## Data section
------------------------------------------------

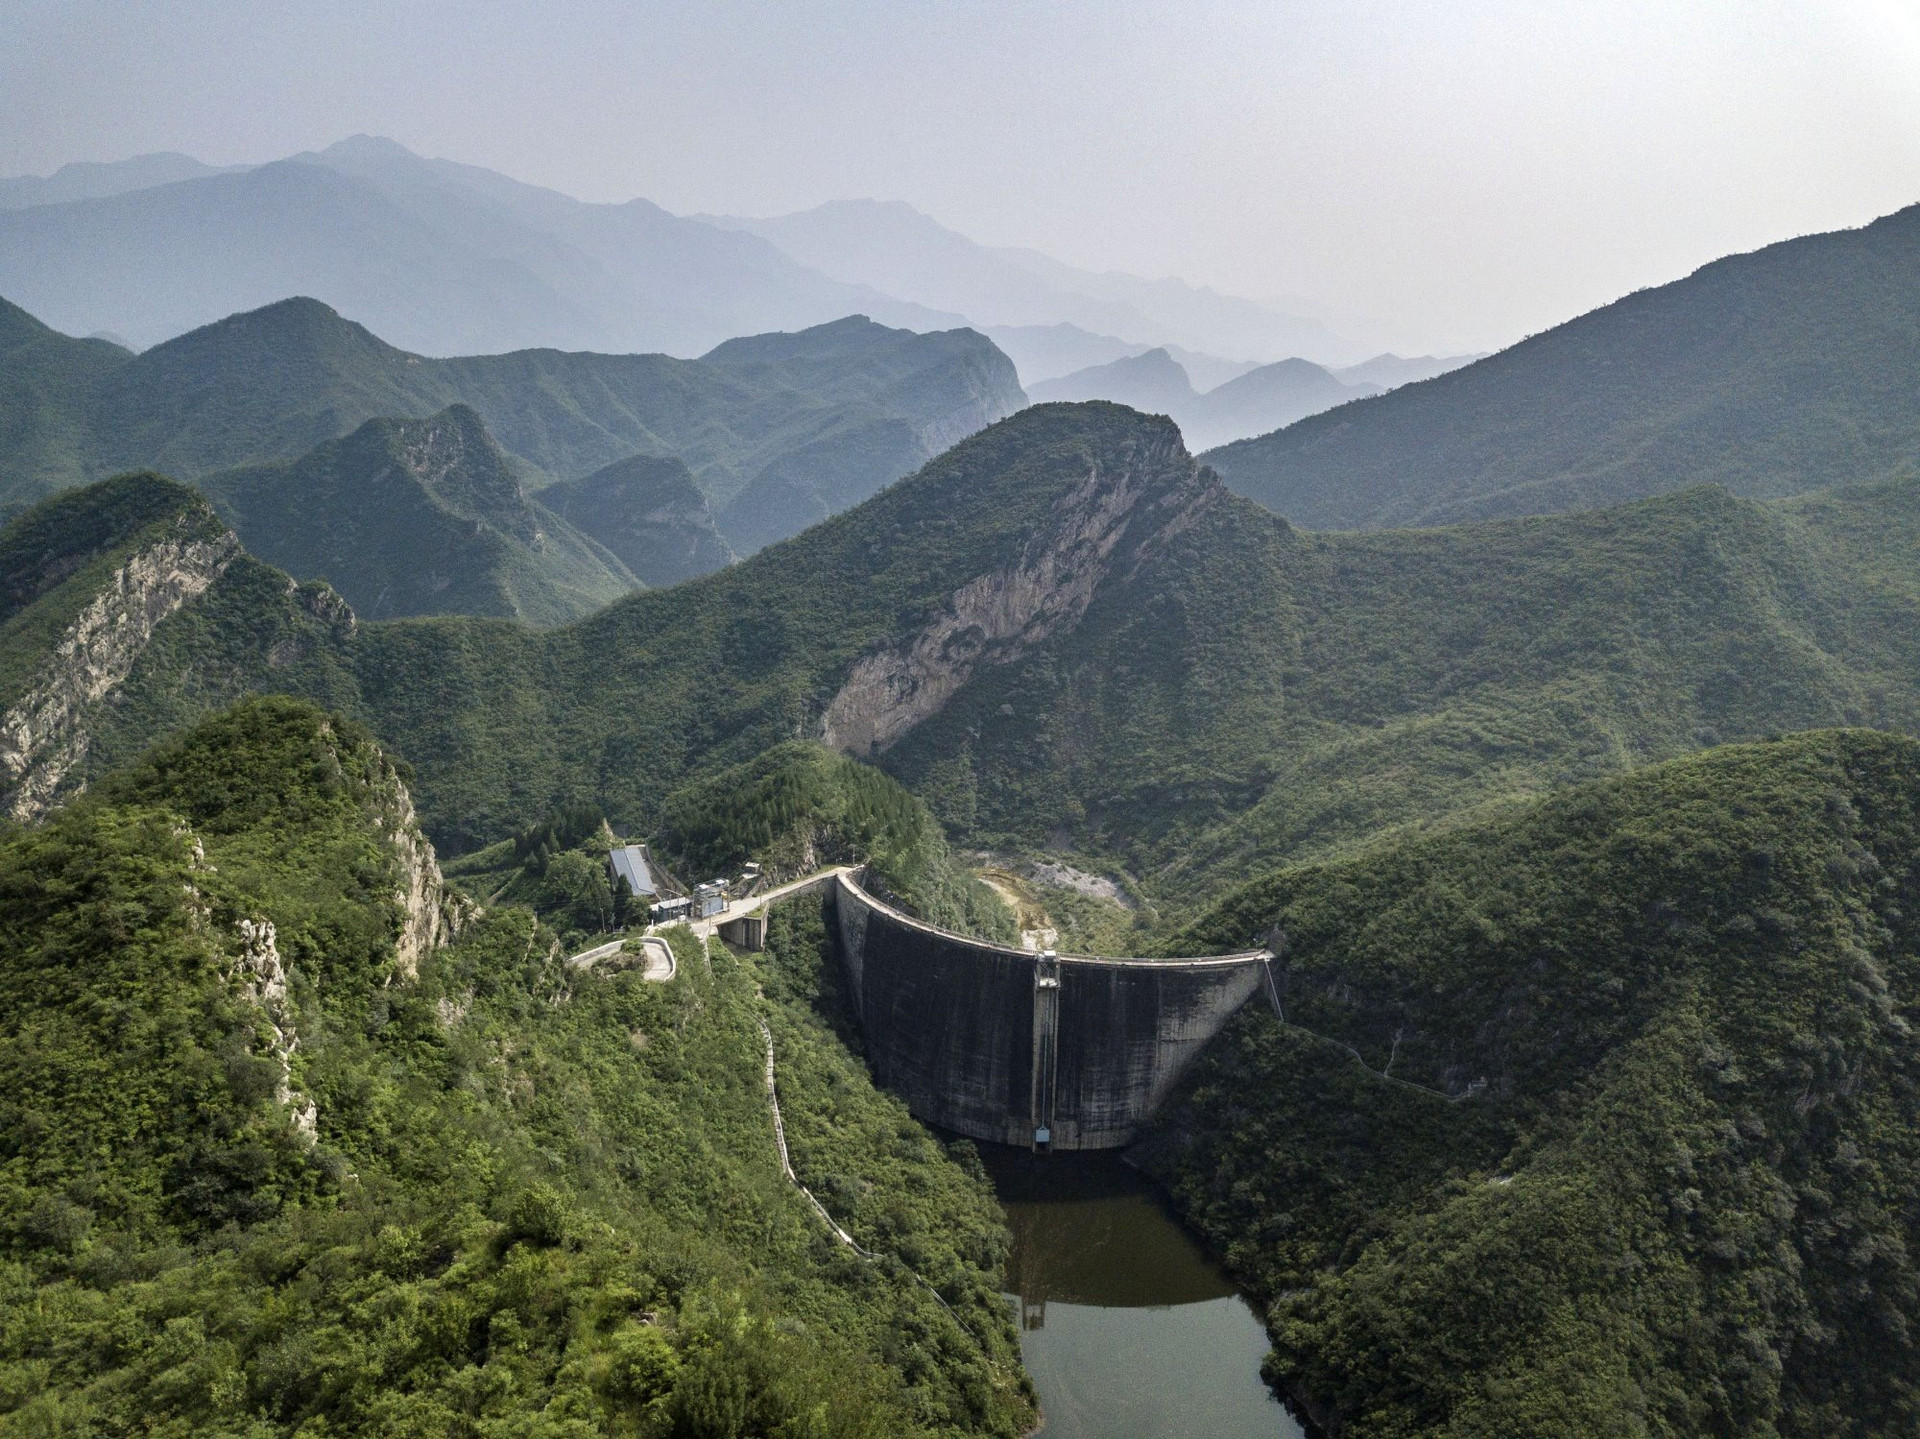 Trung Quốc “mệt nhoài” vì xây đập thuỷ điện: Sở hữu 98.000 con đập nhưng từng muốn phá bỏ gần nửa, nhiều nhà máy im lìm khi các dòng sông trơ đáy - Ảnh 2.
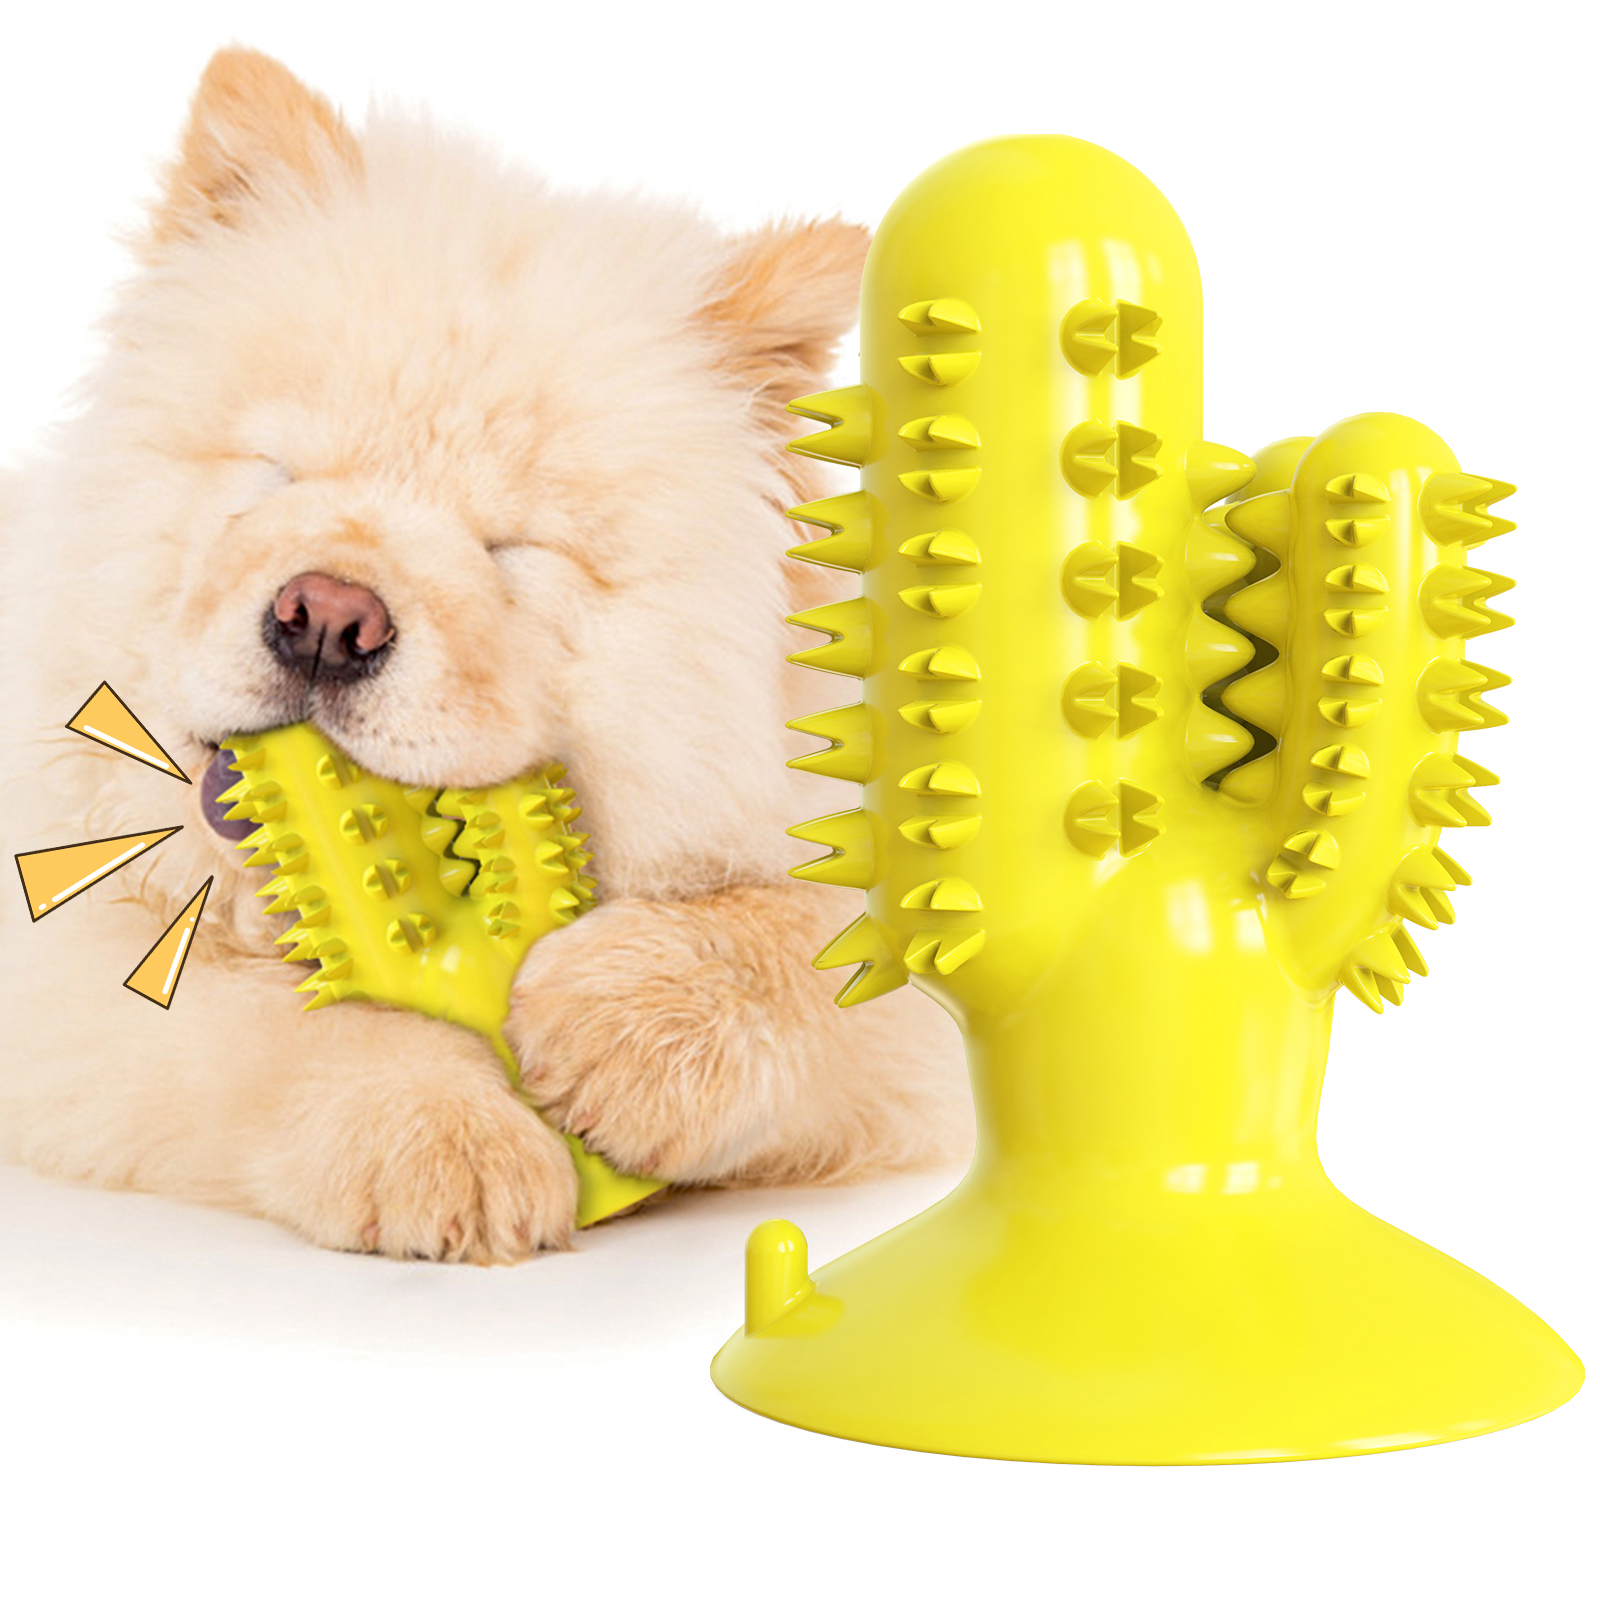 2020 Նոր դիզայնի կակտուսի ձևի ճռճռացող շան ատամի խոզանակ ներծծող բաժակ լակոտ շան ծամելու խաղալիքներ
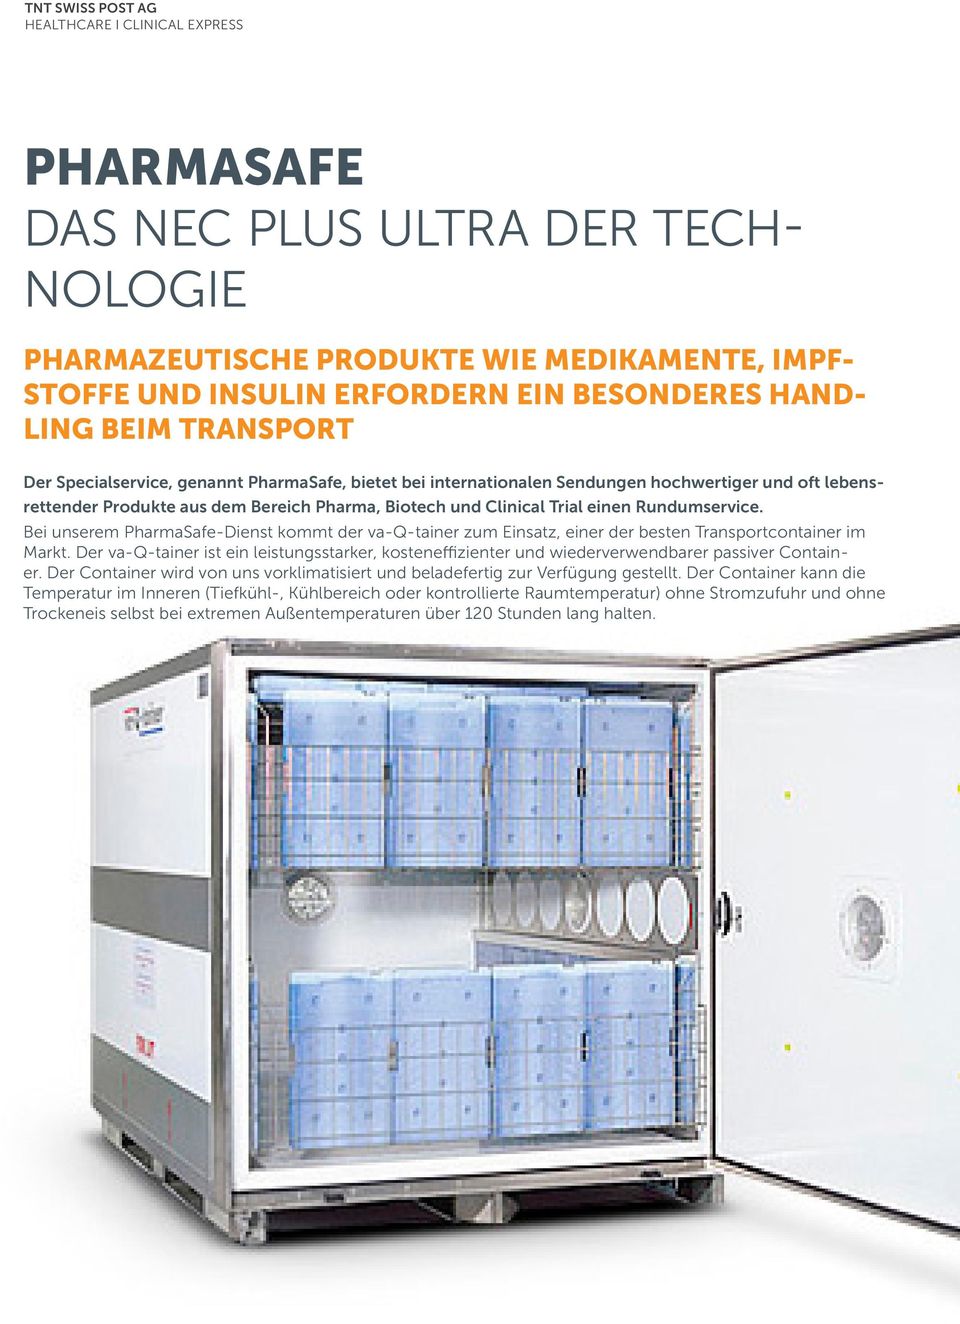 Rundumservice. Bei unserem PharmaSafe-Dienst kommt der va-q-tainer zum Einsatz, einer der besten Transportcontainer im Markt.

------------------------------------------------

## What is expected
Since the pictures are not part of the copy, transcribe only the remaining material, exactly.

## Final answer
 Trung Quốc “mệt nhoài” vì xây đập thuỷ điện: Sở hữu 98.000 con đập nhưng từng muốn phá bỏ gần nửa, nhiều nhà máy im lìm khi các dòng sông trơ đáy - Ảnh 2.
 2020 Նոր դիզայնի կակտուսի ձևի ճռճռացող շան ատամի խոզանակ ներծծող բաժակ լակոտ շան ծամելու խաղալիքներ
 Rundumservice. Bei unserem PharmaSafe-Dienst kommt der va-q-tainer zum Einsatz, einer der besten Transportcontainer im Markt.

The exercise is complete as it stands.